By Brittany King / Photo by Jen Tilley

On Valentine’s Day in 2011, Zainab Mansaray-Storms ’09 set out to bake a cake for her fiancé. The doctoral student in neuroscience was looking to relieve some stress and surprise her partner. Unfortunately, what started as a sweet gesture for a loved one, ended in disaster. She had overfilled the baking pan. “The cake exploded and there was red food coloring everywhere,” she recalls.

Mansaray-Storms didn’t let the mess she made deter her. Instead, she took a baking class, then a cake-decorating class, and once she’d learned the basics, she decided to give baking another try. Not everything she baked was a success, but as a student in a challenging neuroscience program at Upstate Medical University in Syracuse, N.Y., she was looking for a hobby that engaged a different part of her brain.

She began documenting her baking attempts on her blog, A Classic Twist (aclassictwist.com) showing what recipes worked well and which fell flat (or exploded). The site is filled with recipes that are familiar and easy to follow, often including step-by-step pictures. “I was sharing my life and newfound love for baking, and it became a community of people who loved baking or who were also learning to bake,” she says. “It made me feel like I wasn’t alone.” Twelve years later, she has plenty of company: A Classic Twist draws 200,000 monthly visitors, and Mansaray-Storms has turned it into a business. She monetizes the blog through ads on her site and partnerships with food and kitchen brands like King Arthur, KitchenAid and Bob’s Red Mill.

A native of Sierra Leone in western Africa, she didn’t grow up baking. She got curious about it at Macalester when she noticed that her peers would regularly receive care packages from home, something she didn’t receive often as an international student. She remembers her classmates opening their packages together and sharing what was inside. “Those boxes always had baked goods from home—chocolate-chip cookies and other comfort food—and I started to realize baked goods are integral to American culture and society.”

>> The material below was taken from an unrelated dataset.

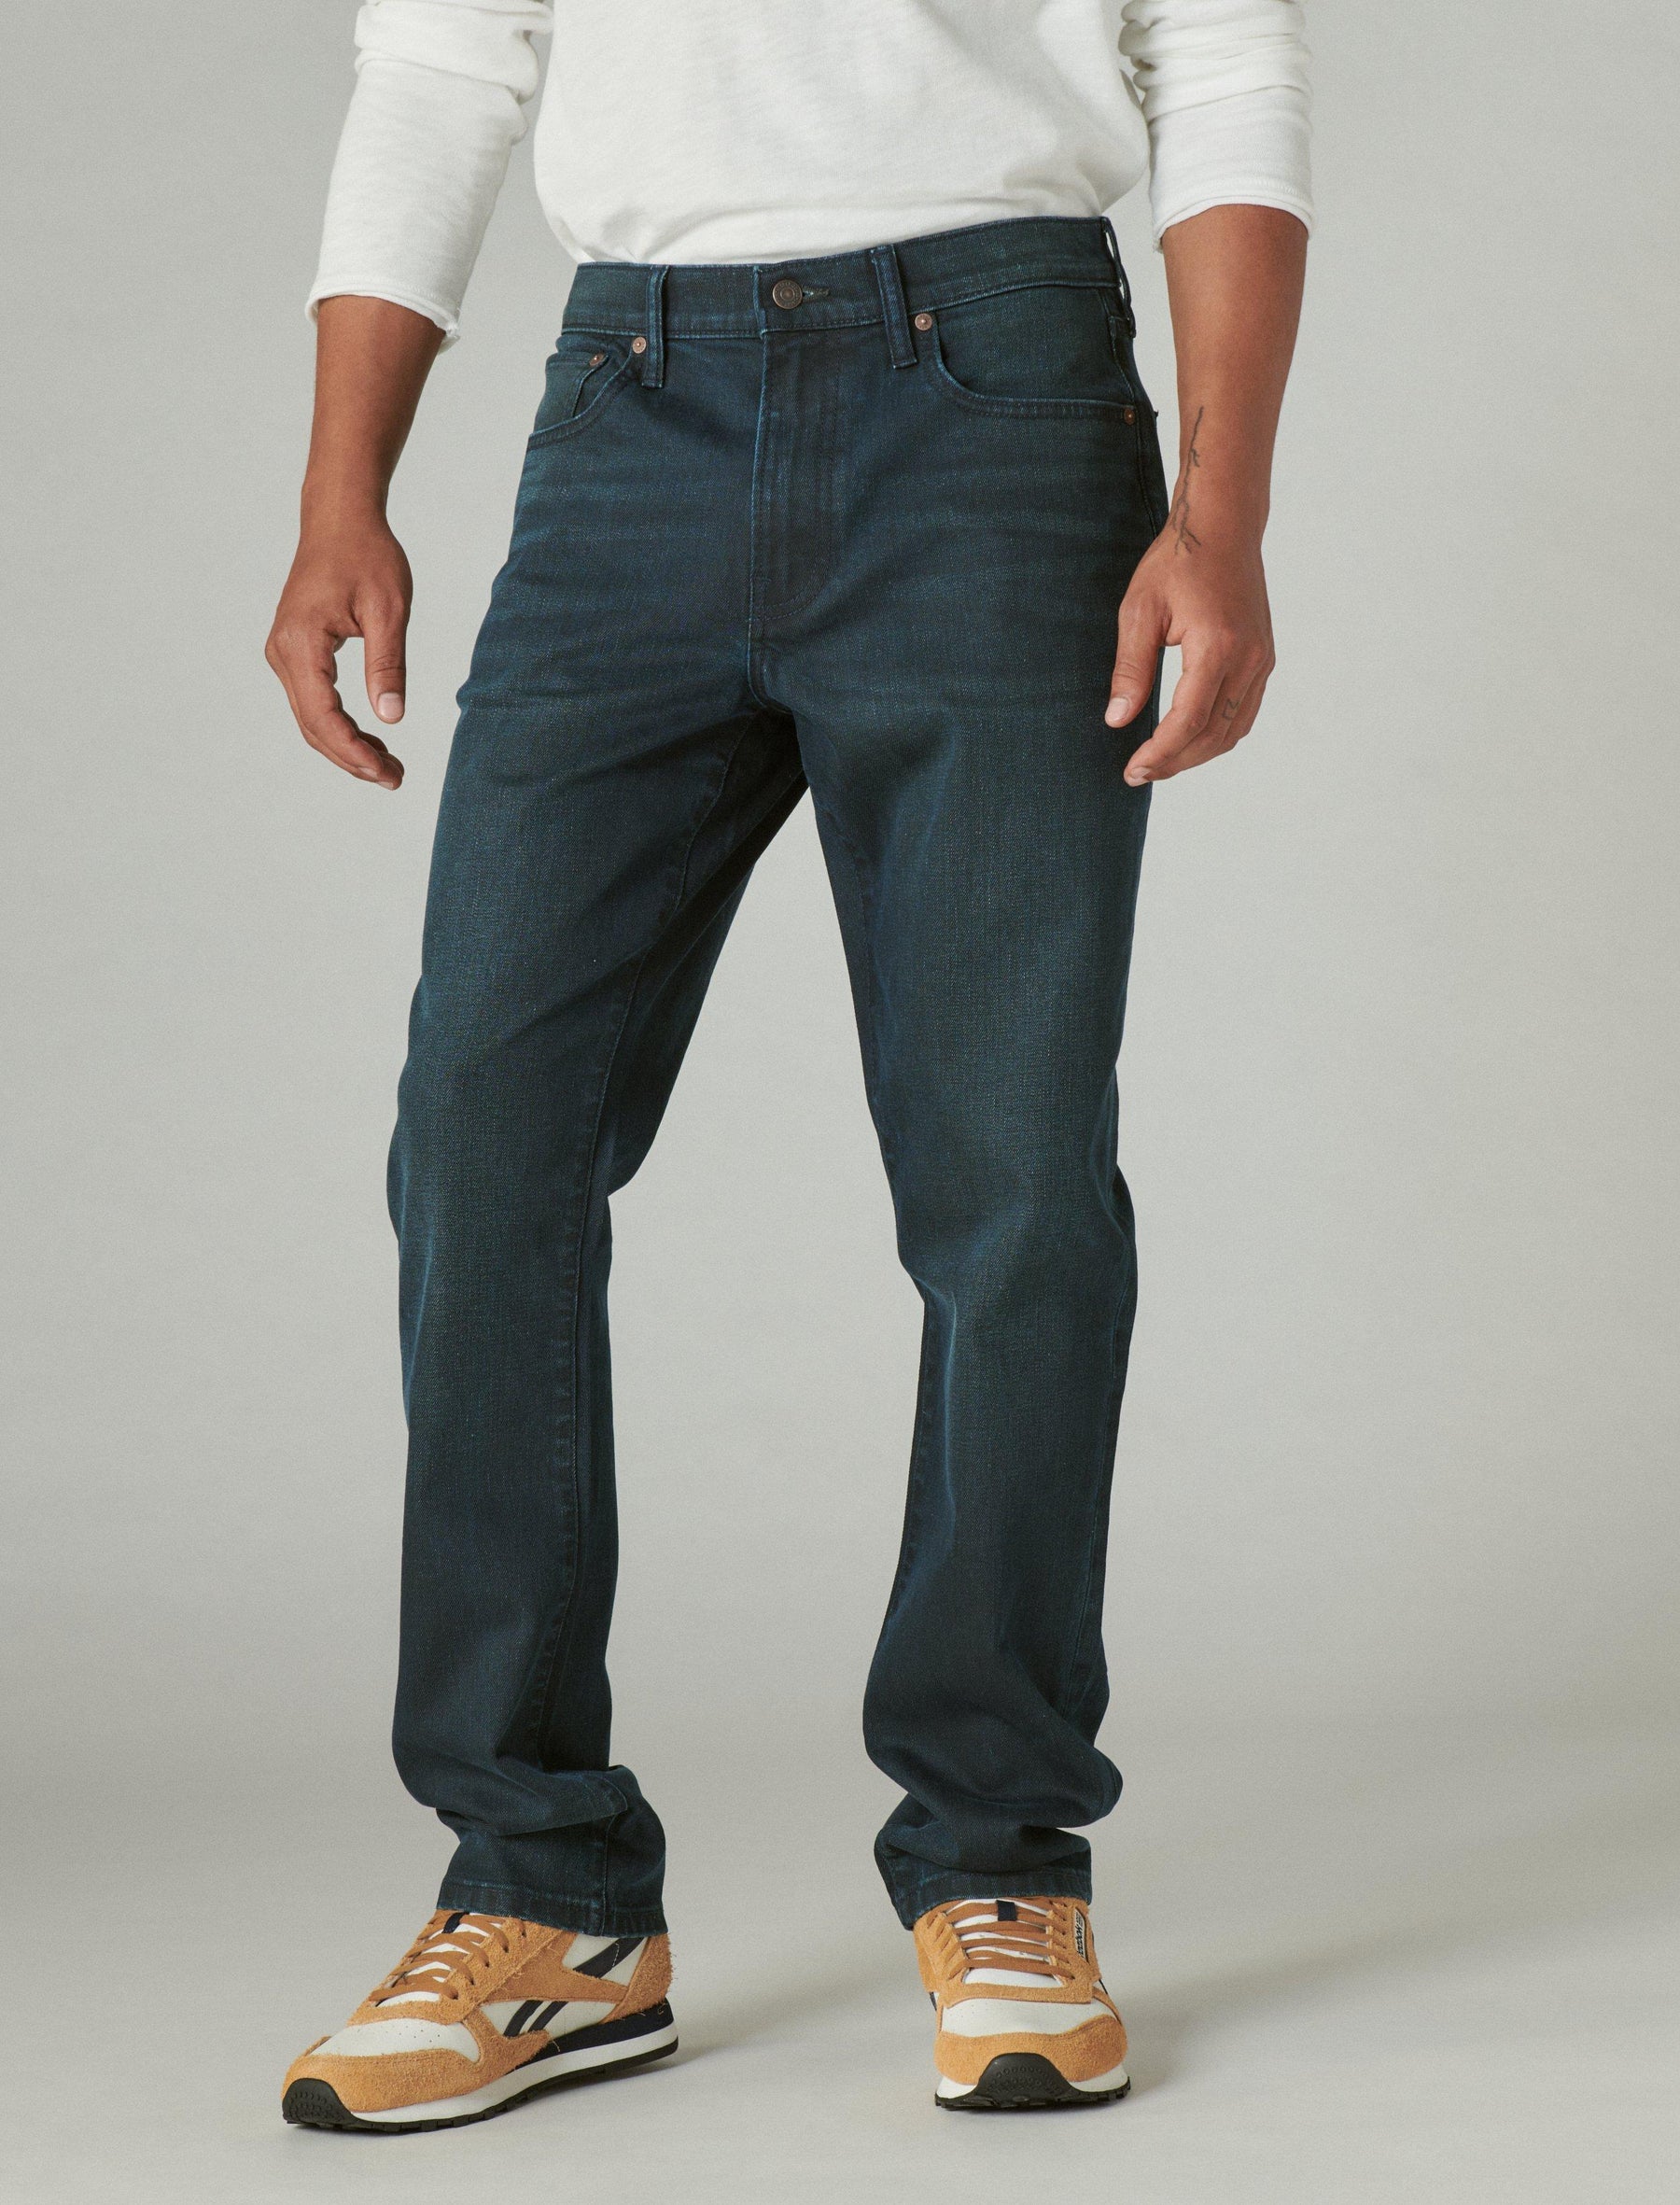 Lucky Brand 223 Straight Guinness Jean - Men's Pants Denim Straight Leg Jeans Porter

Mansaray-Storms arrived at Macalester with her heart set on becoming a doctor, but classes with biology professors Lin Aanonsen and Paul Overvoorde shifted her interest to scientific research.

“They had a passion for what they were teaching and gave me a good idea of what type of path I could take with science beyond going to medical school,” she says. “They encouraged me to go to grad school versus med school because of the opportunities I’d have as an immigrant studying in America. I could go the academic route or do scientific research for drugs. I picked this path because it was closer to the patient.”

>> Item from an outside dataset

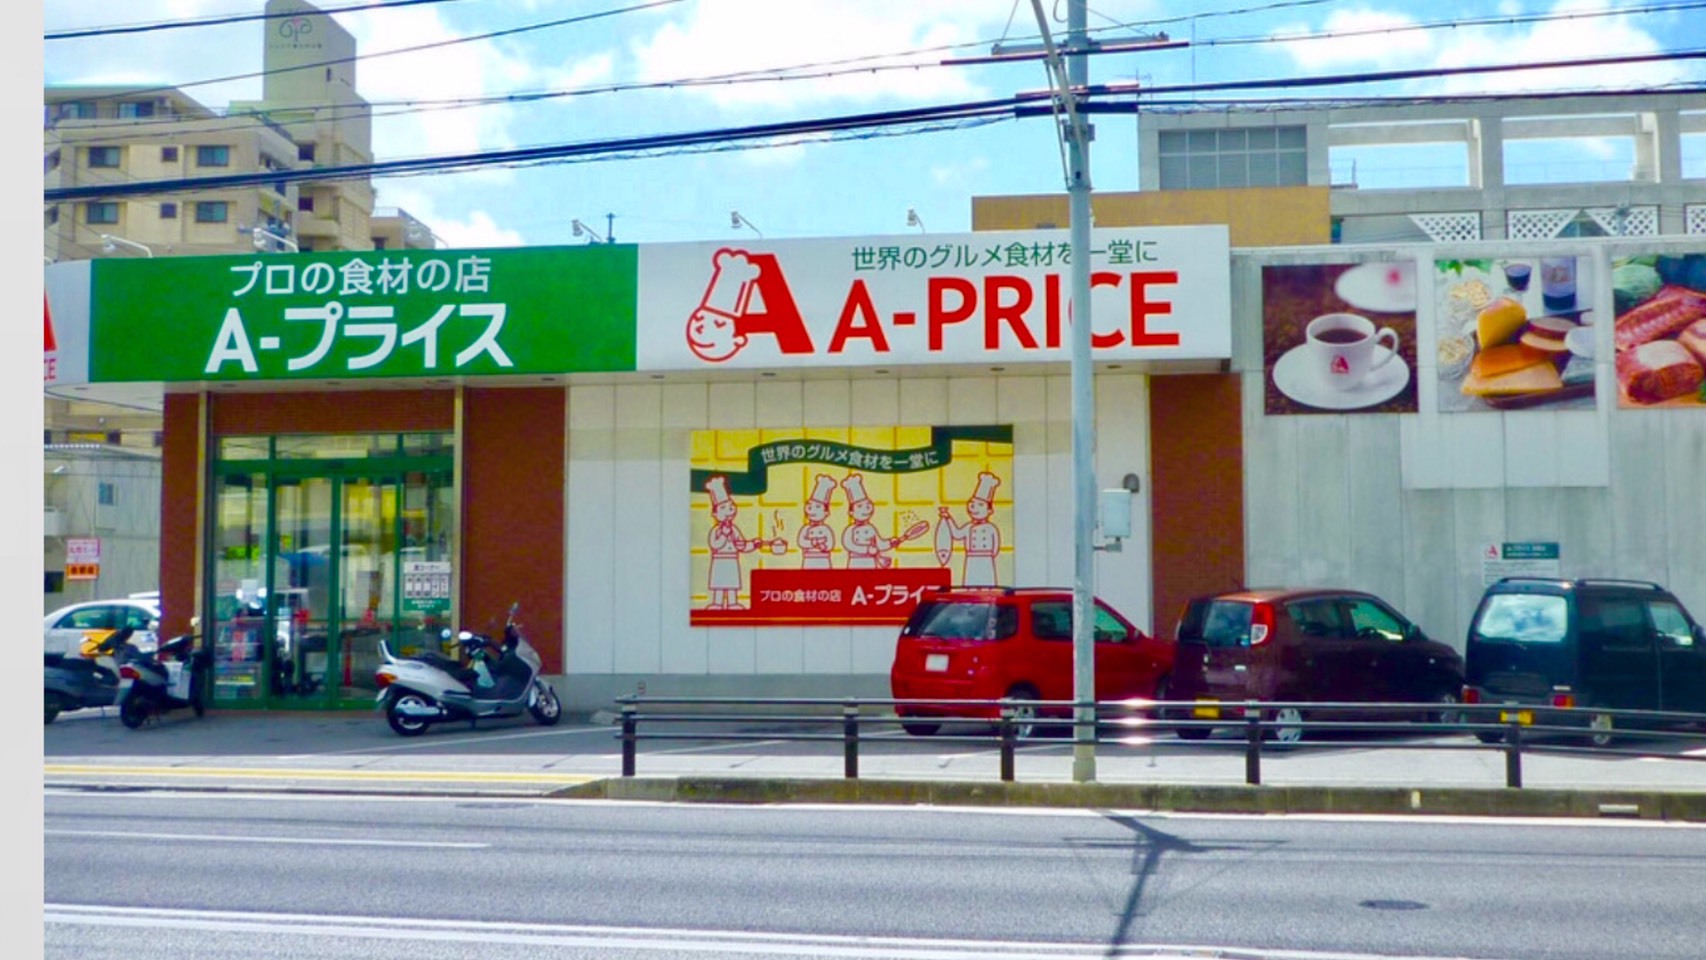 建物のすぐ隣に業務用スーパーの「A-price」があります

After earning her PhD, she began her pharmaceutical career, making medicines and submitting them to the Food and Drug Administration (FDA). Now, she’s on the other side of the industry as a regulatory scientist for the FDA. For the past two years, she has reviewed biologics license applications submitted to the FDA for different drugs. She thinks of that shift as a way to live the values she cultivated at Macalester.

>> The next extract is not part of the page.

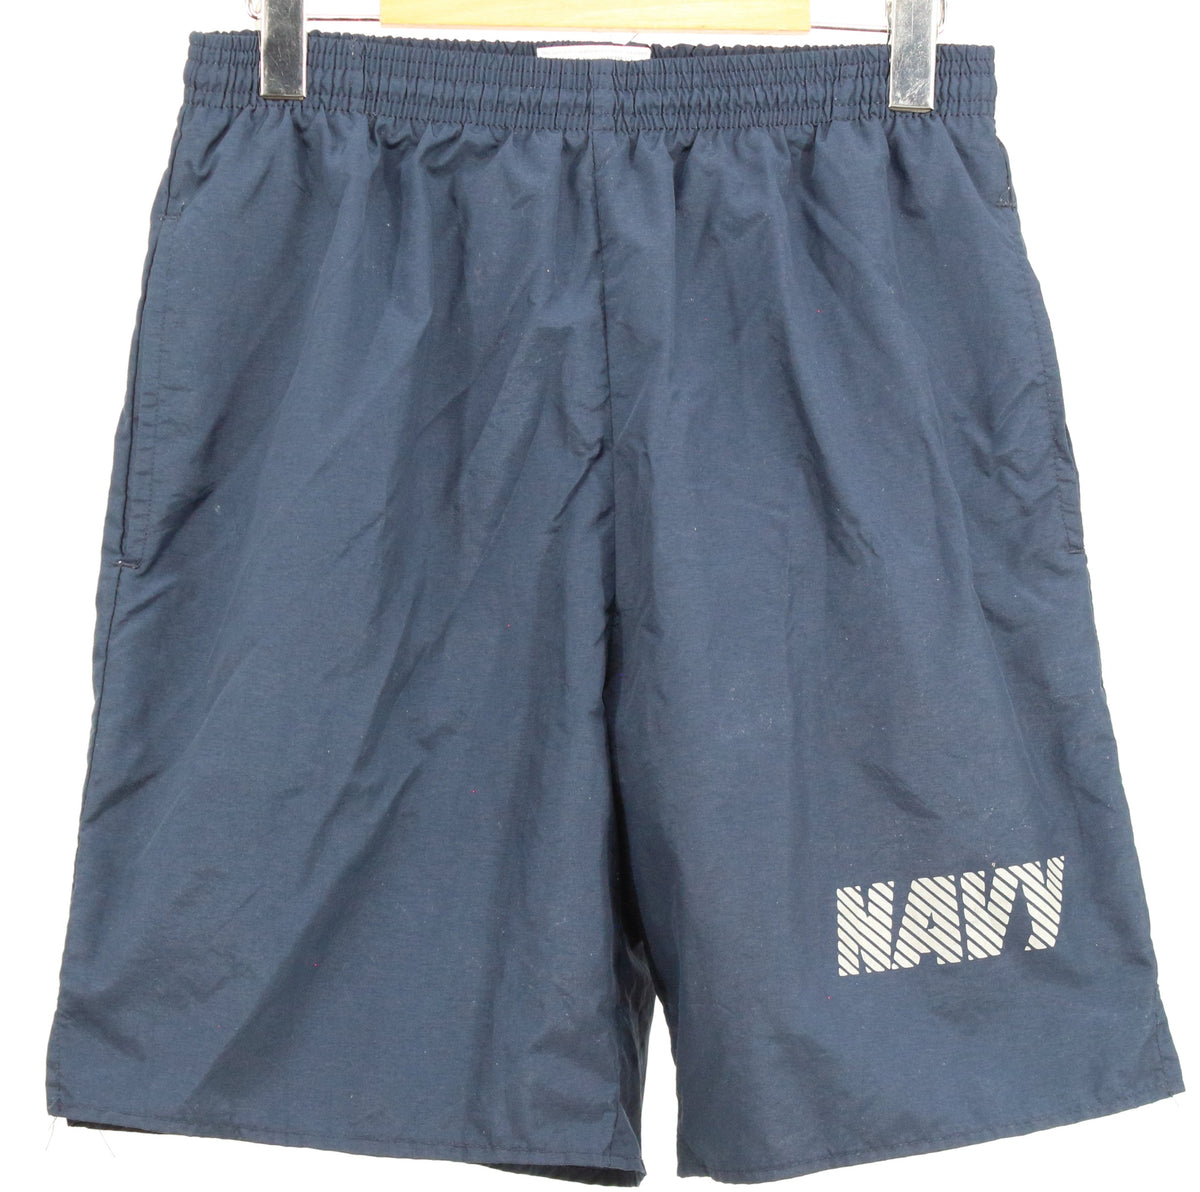 U.S.Navy Navy Originals Nylon Shorts

“I wanted to do something that would make an impact on people,” she says. “I know people don’t always think of big pharmaceutical as having a positive impact, but working in this way allows me to be closer to patients, bringing lifesaving medicine to those who need it.”

There’s not much crossover between her day job and her work as a content creator—and she likes it that way. The jobs allow her to tap into different skills and fulfill her in different ways.

“If you’re not getting that creative outlet or passion from your job, you must find it outside of that job; it’ll make you a more well-rounded person,” she says. “It makes you a better employee because you have these other things that drive you and keep you going.”

Most seasoned bakers will tell you baking is a science, but Mansaray-Storms pushes back on that. For her, the “science” of baking isn’t about precise measurements, it’s about experimenting with new flavors, incorporating traditional African flavors she grew up with like coconut, mango, hibiscus, and passionfruit into quintessential American dishes. Like her coconut banana cream pie recipe that takes a beloved classic and adds unexpected coconut sweetness to the crust and filling. It’s that kind of adventurousness that has become integral to her brand.

“I always start by making the recipe as written, then I begin to experiment adding or changing one or two ingredients and building from there,” she says of her recipe creation process. She takes inspiration from cookbooks and magazines as well as “OG” baking influencers and recipe bloggers like Joy the Baker and Smitten Kitchen. “I like experimenting, so I guess that’s the scientific connection. It doesn’t always work, but I like trying.”

When Mansaray-Storms first started A Classic Twist, she did it all: photography, food styling, writing blog posts and social media captions. Now the neuroscientist and mother of two has a team of people behind her 140,000 (and counting) followers on social media.

“I keep going because I want to teach my kids. I want to ensure they experience these milestones that are hallmarks in American culture,” she says. “It’s crazy to think this all unexpectedly started at Macalester. I’ll always be grateful for that.”

Brittany King is a Chicago-based writer and independent journalist.